И первое, о чем подумал: а знает ли Василий Игнатьевич?
Странный Василий Игнатьевич. Нескладный Василий Игнатьевич. Выслушал Мартьянова, его торопливые слова, подышал безмолвно в телефонную трубку и скучно ответил:
— А чему вы удивляетесь?
— Как — чему? — вскипел Мартьянов. — Вы же первый, кто придумал!
— Мы с вами не на беговой дорожке. Беспокоиться надо не о том, кто первый, а кто лучше придумал. У кого вернее.
— А если у обоих вернее?
— Ну что ж, хороший способ взаимной проверки. Подождем еще, и мы будем иметь удовольствие, вероятно, прочитать и не только у американцев. Желаю здравствовать!
Вот поди ж ты и потолкуй с ним! Мартьянов шлепнул трубку.

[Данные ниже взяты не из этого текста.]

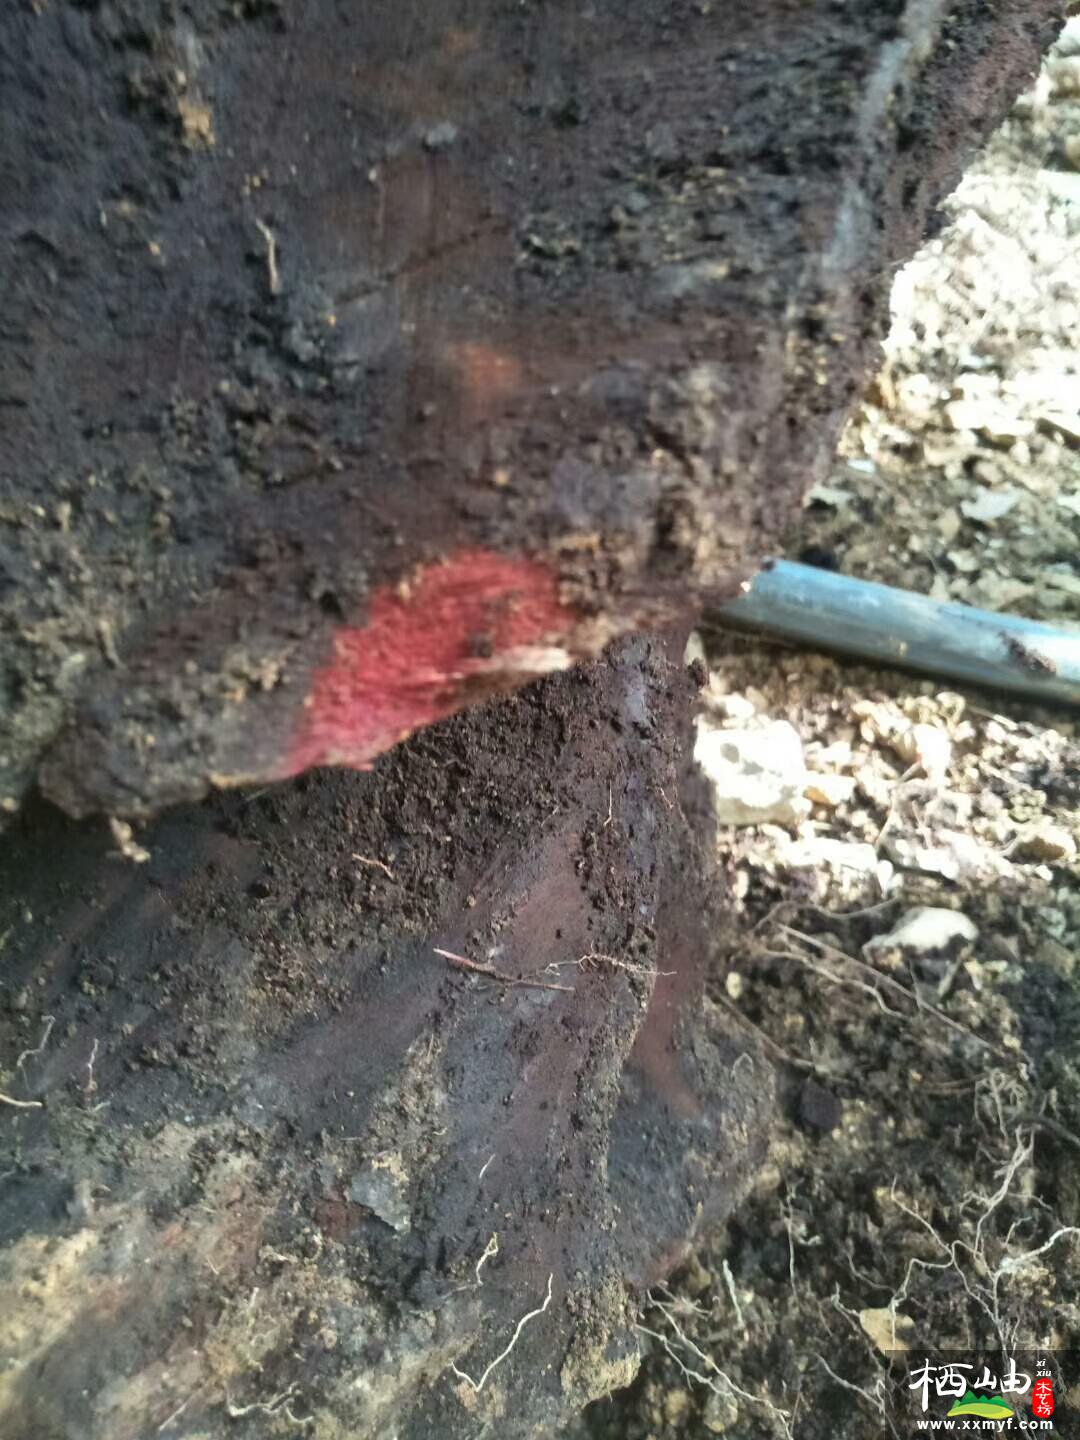 这是刚刚刨开流漏出的红色木质

Он оказался прав, Василий Игнатьевич. Немного прошло времени, и вот уже двое японцев докладывают о том же в своем журнале. А потом еще немецкий ученый. Правда, они не осознавали свой метод как алгебру логики, но подошли близко, похожая символика, те же приемы.
Идея носилась в воздухе.
Но кто же придаст ей жизненную силу, кто спустит ее на землю из сферы общих соображений? На твердую землю, туда, где властвуют электрические сигналы и команды, где действуют не буквенные элементы, а вполне реальные, «из эбонита и латуни», шевеля своими лапками контактов, и связи не воображаемые, а из металлических проводников, в сложнейшей паутине, и где встают десятки и десятки жестких, неукоснительных технических требований. «Кто?» — спрашивал себя Мартьянов, нисколько не сомневаясь, кто же должен быть этим «кто».

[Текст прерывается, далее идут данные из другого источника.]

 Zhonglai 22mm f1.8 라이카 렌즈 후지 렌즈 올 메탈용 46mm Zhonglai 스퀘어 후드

Еще с вечера уложили они рюкзаки: Мартьянов свой большой, с карманами, с дополнительными лямками, а Наташа — свой маленький, почти детский, имеющий скорее символическое значение. Мартьянов уверял: если человек отправляется в воскресный день за город с рюкзаком на спине, значит, не все еще потеряно.
А утром проснулись… Война!
Вся Москва, весь мир припал к репродукторам, к радионаушникам. Не считая тех, кто припал сейчас к земле под огнем.
— Началось!.. — сказал Мартьянов, словно выдавил. Телефонный звонок. «Слышали?! Что же будет?» Мартьянов стоял у карты на стене. Смотрел. И Наташа смотрела…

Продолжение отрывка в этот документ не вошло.